• Data below:

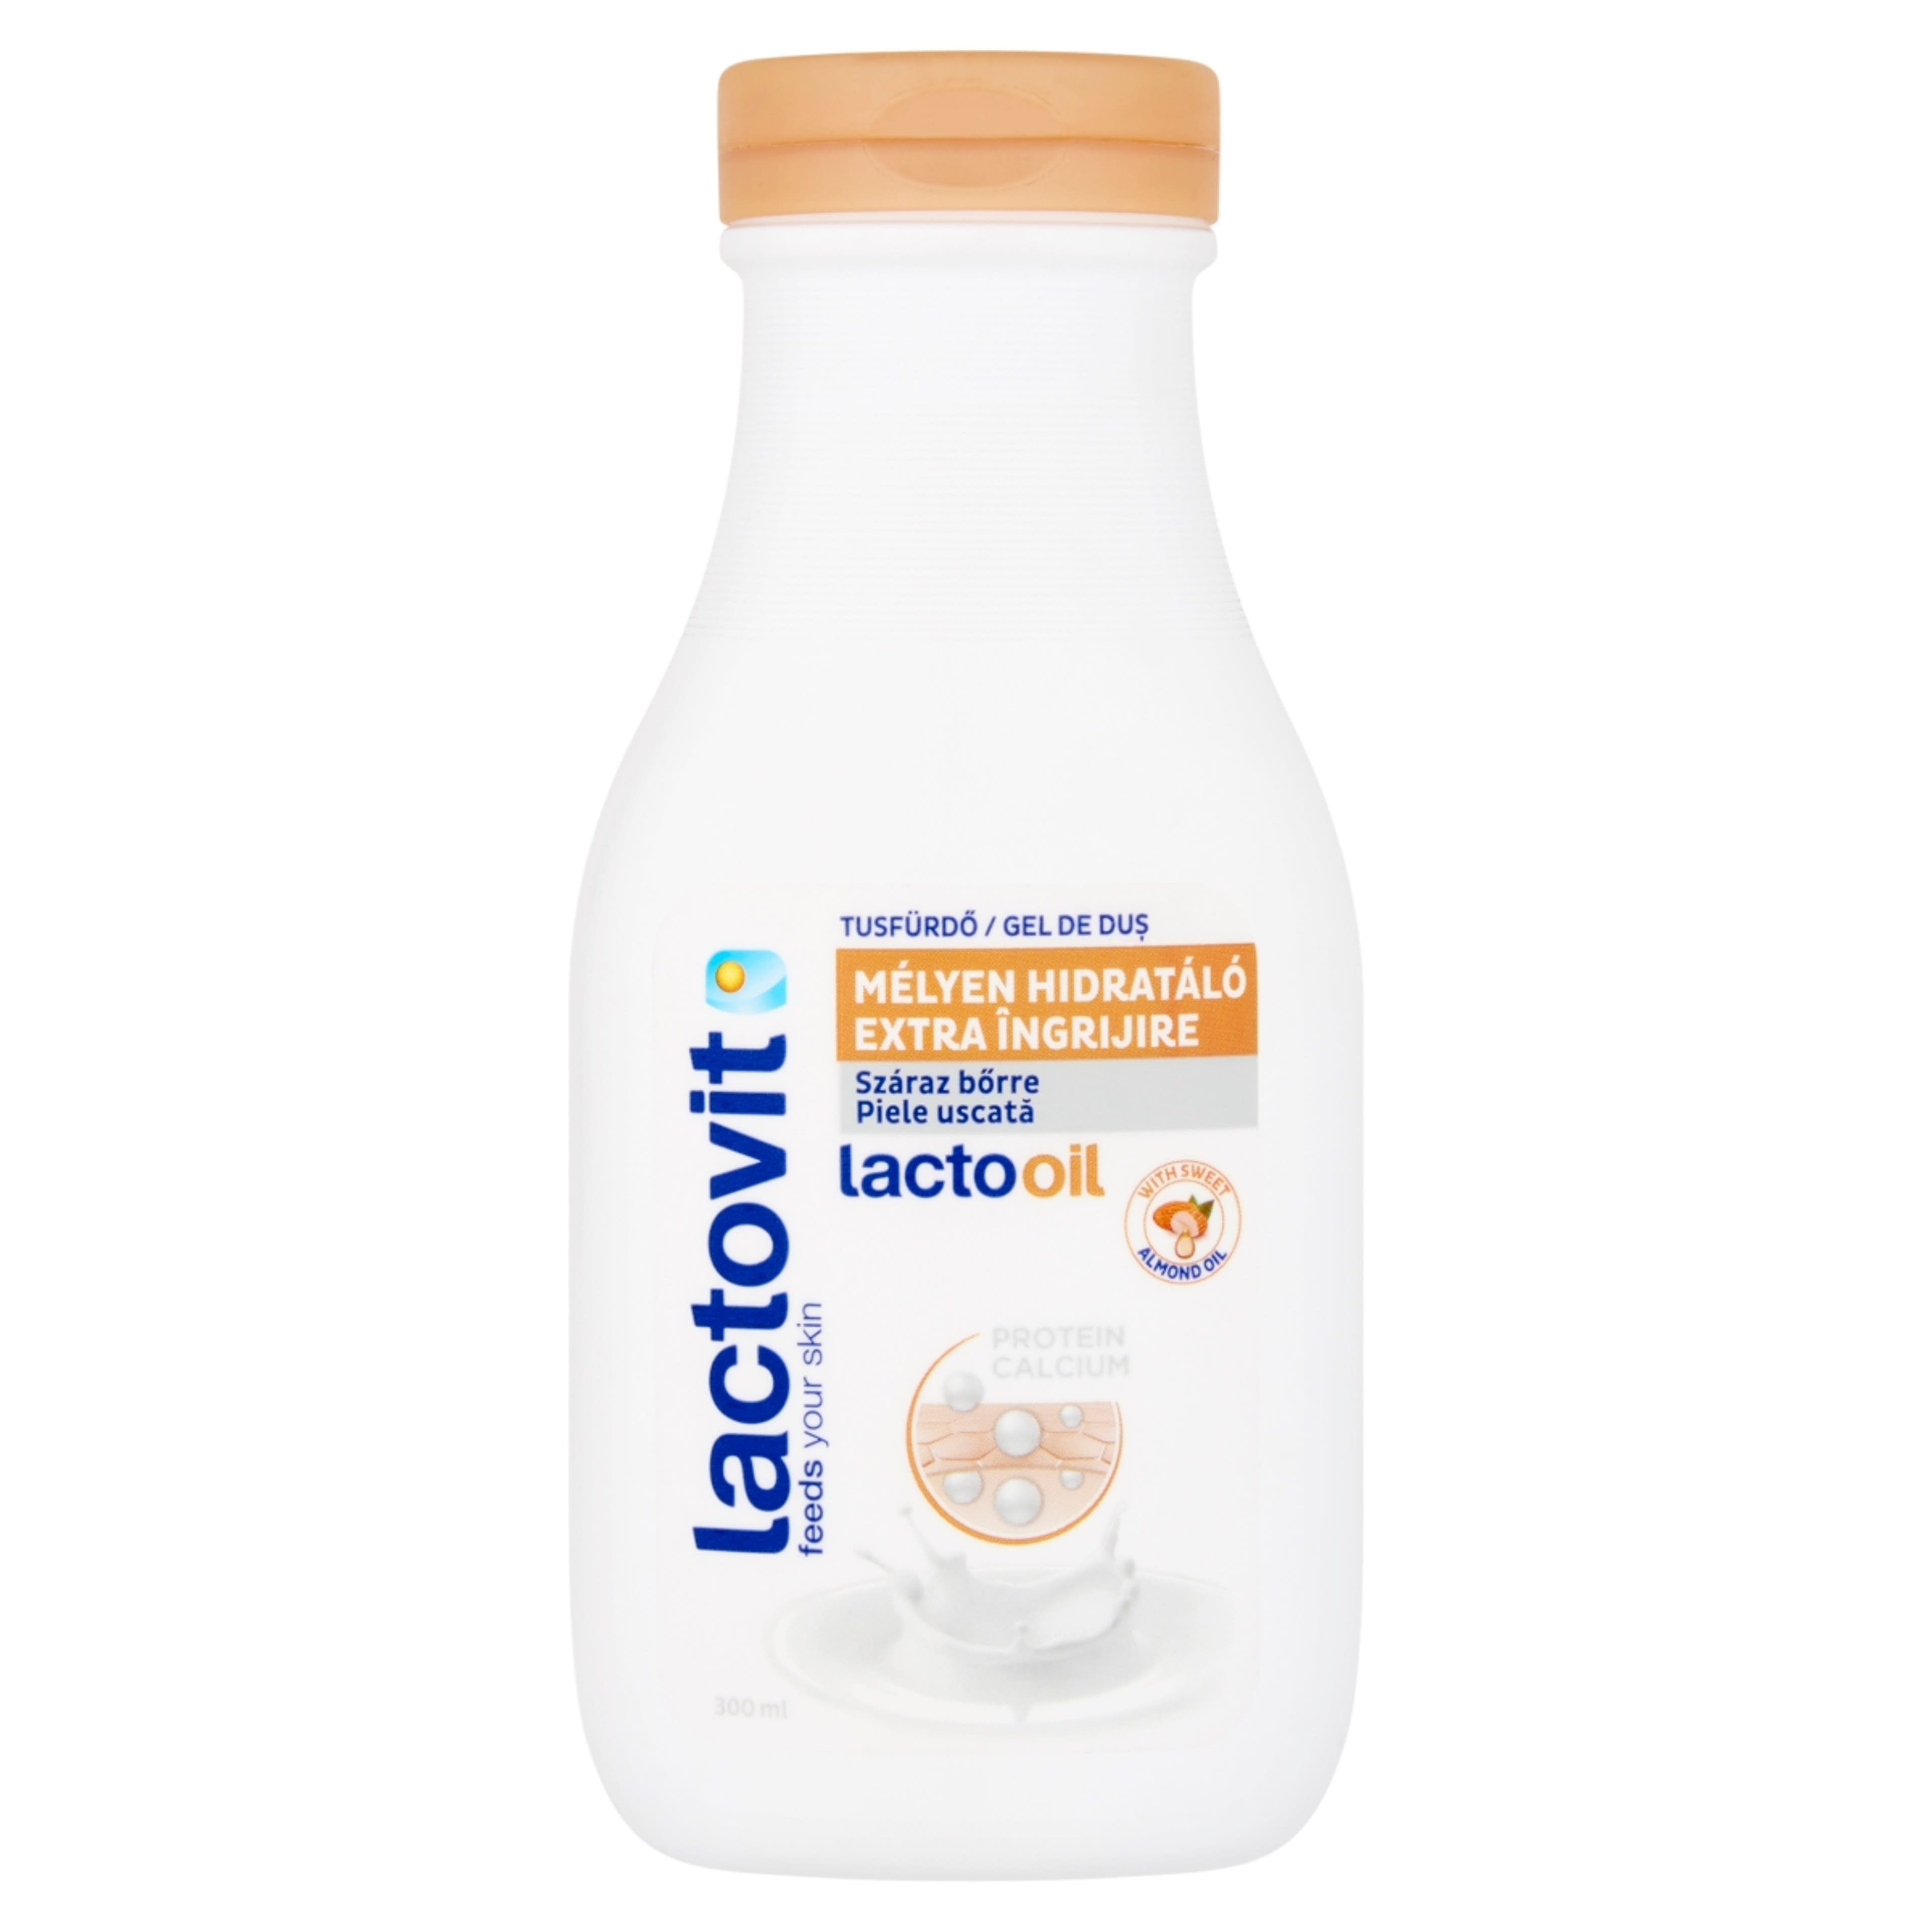 Lactovit tusfürdő Lactooil - 300 ml-2
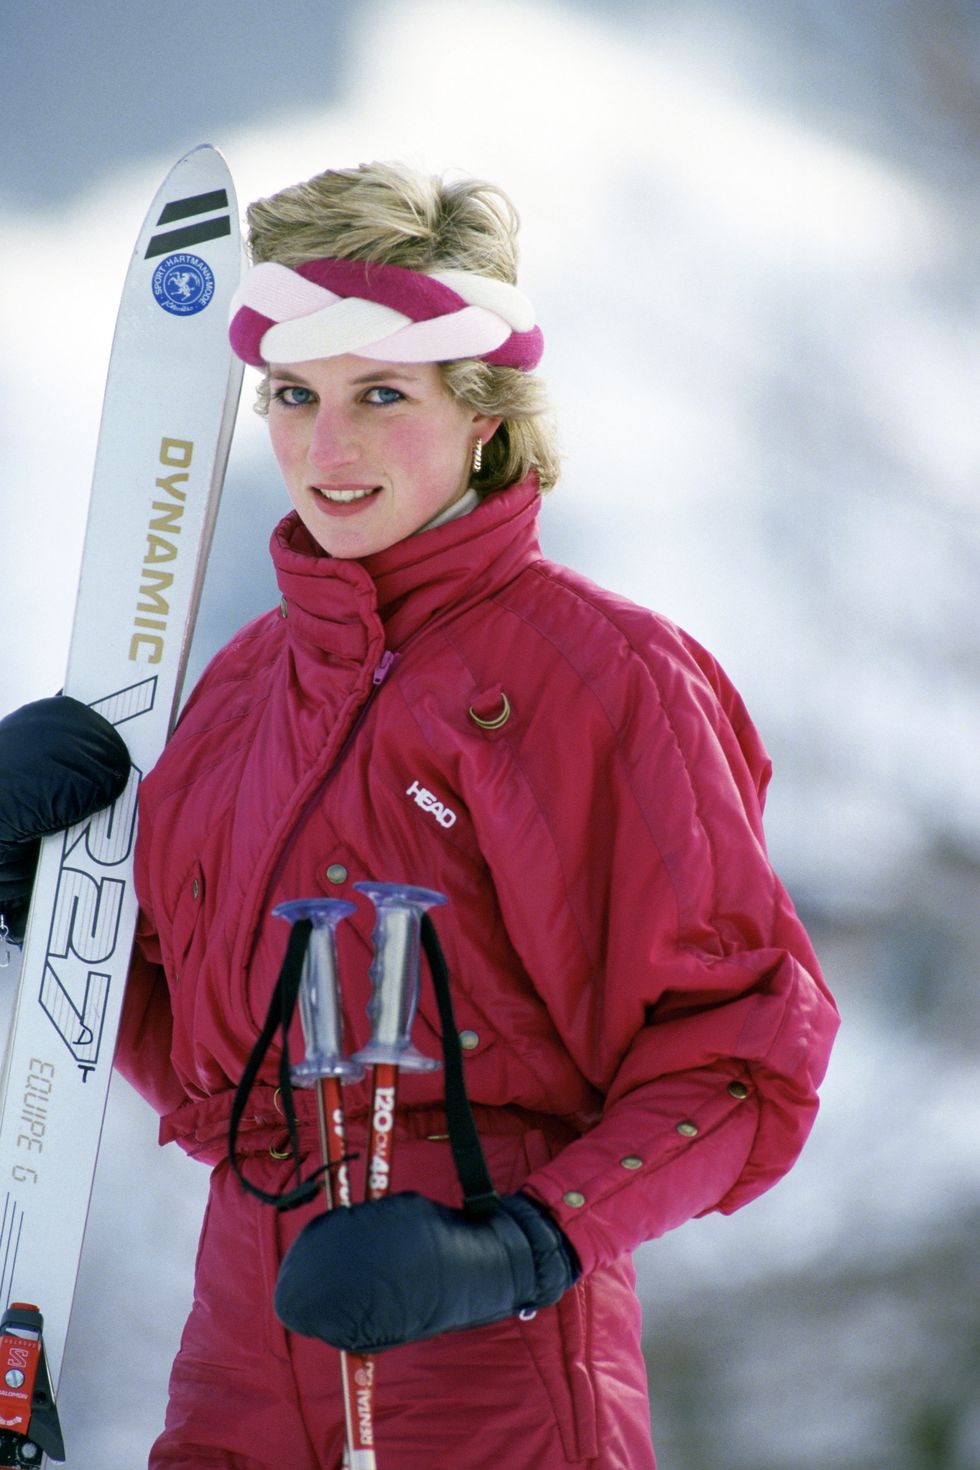 لأميرة الراحلة ديانا والتي شوهدت أثناء تزلجها على الجليد في منتجع كلوسترز في سويسرا في فبراير 1986
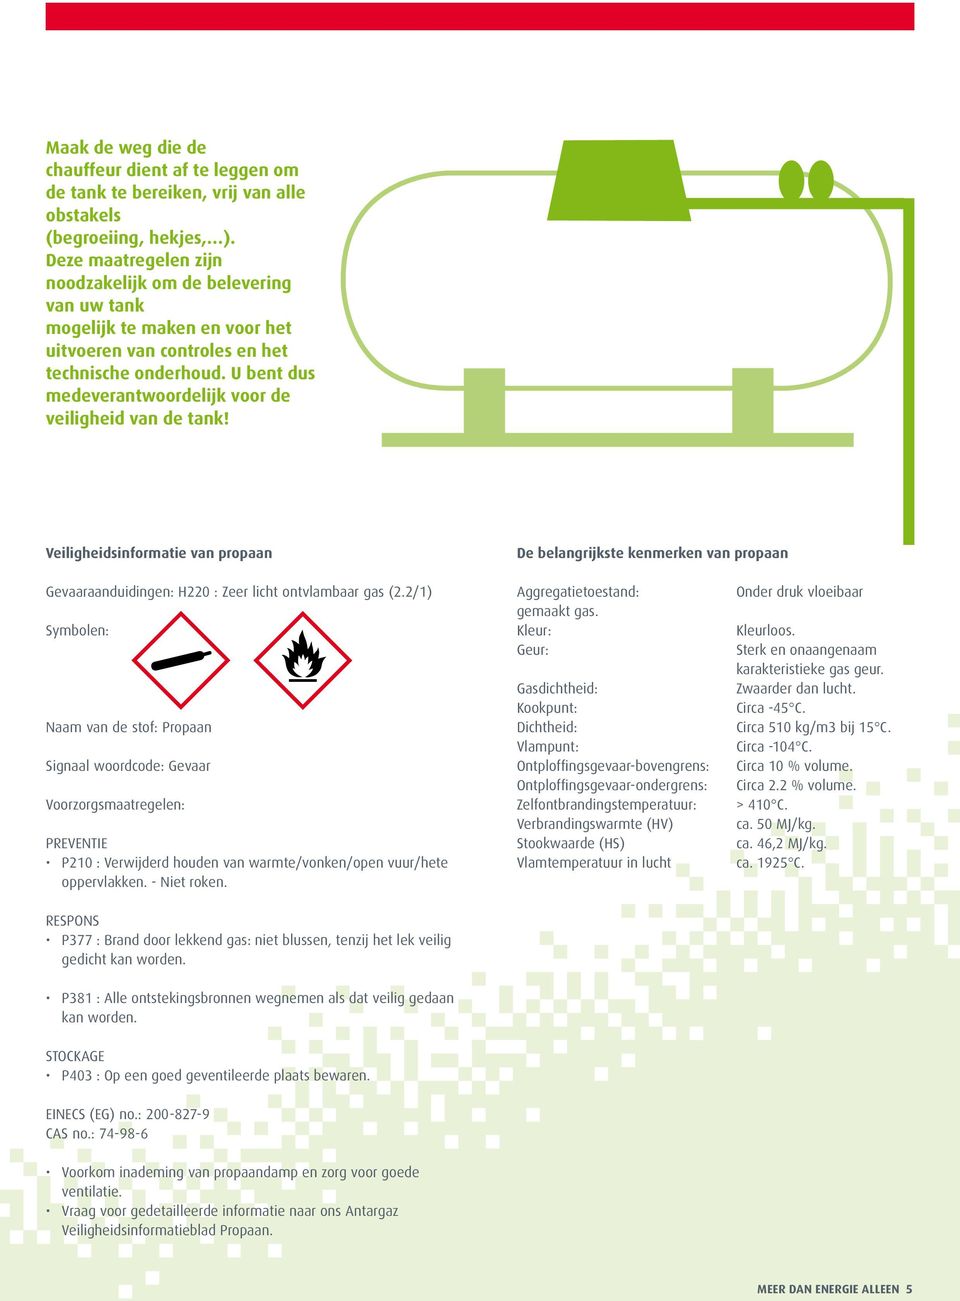 U bent dus medeverantwoordelijk voor de veiligheid van de tank! Veiligheidsinformatie van propaan De belangrijkste kenmerken van propaan Gevaaraanduidingen: H220 : Zeer licht ontvlambaar gas (2.
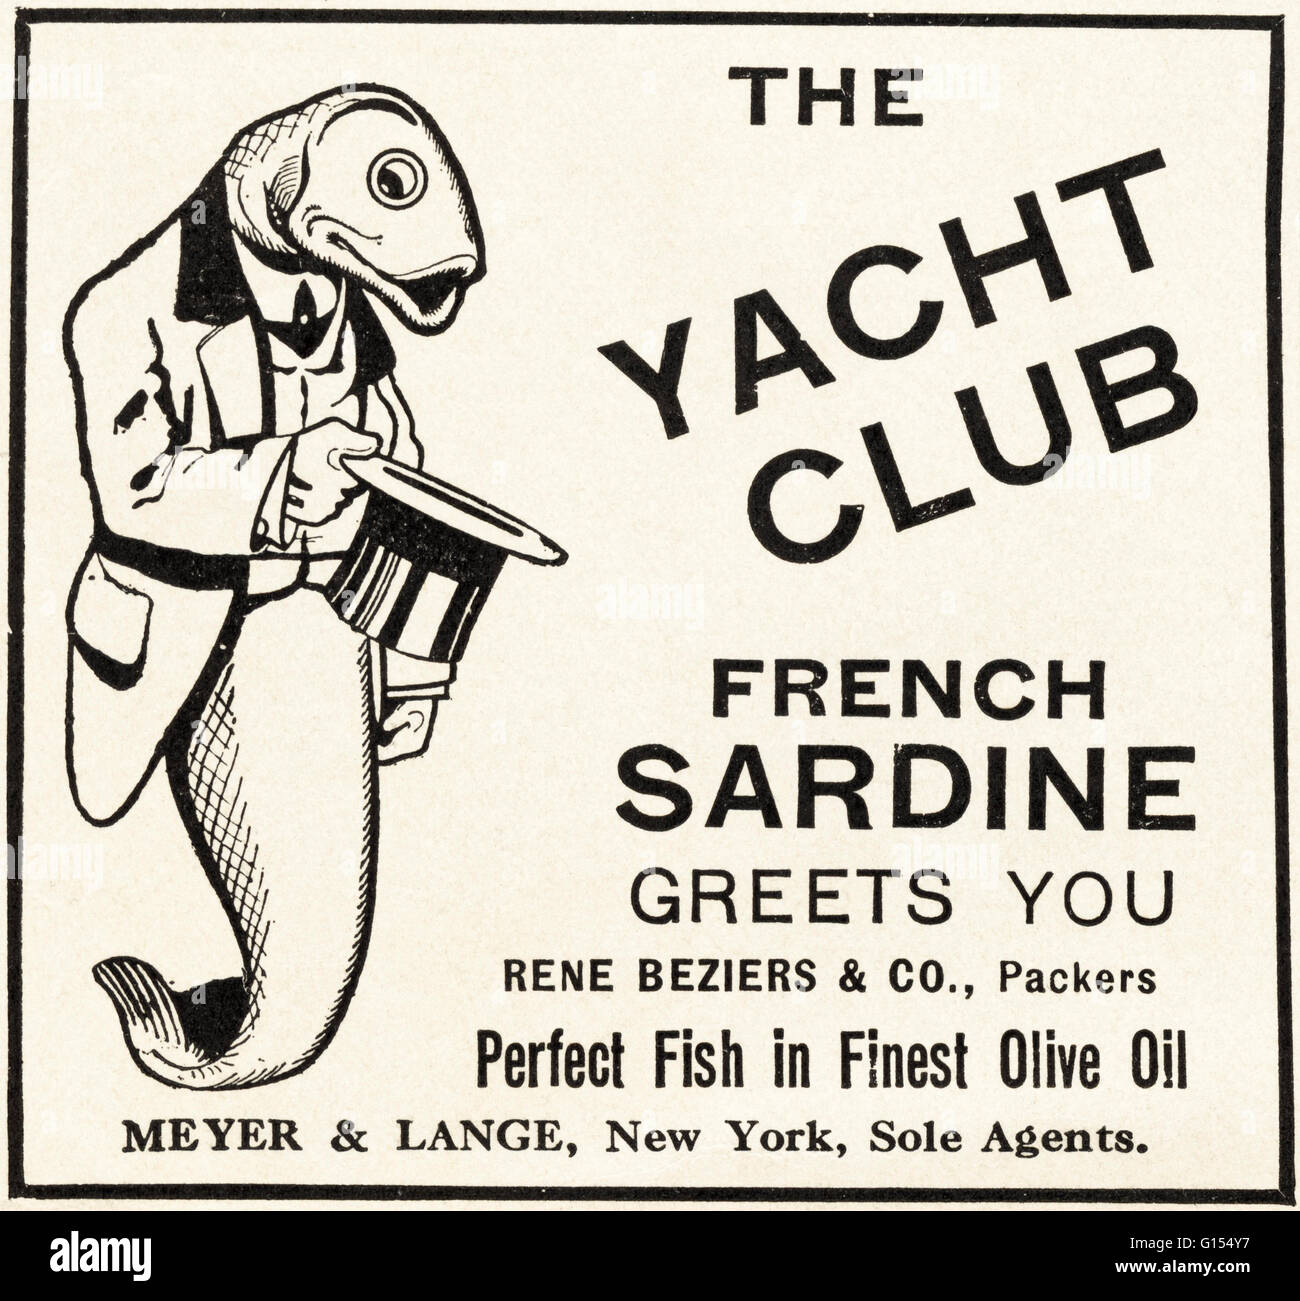 Originale vecchia vintage rivista americana un annuncio da un'epoca edoardiana datata 1910. Pubblicità Pubblicità lo Yacht Club Francese la sardina Foto Stock

• What is being asked: An exact transcription is requested of each line from the one that holds "U bent dus medeverantwoordelijk" to the end of the listing above, both boundary lines included; pictures are to be omitted.

• Answer to this exercise:
 U bent dus medeverantwoordelijk voor de veiligheid van de tank! Veiligheidsinformatie van propaan De belangrijkste kenmerken van propaan Gevaaraanduidingen: H220 : Zeer licht ontvlambaar gas (2.
 Originale vecchia vintage rivista americana un annuncio da un'epoca edoardiana datata 1910. Pubblicità Pubblicità lo Yacht Club Francese la sardina Foto Stock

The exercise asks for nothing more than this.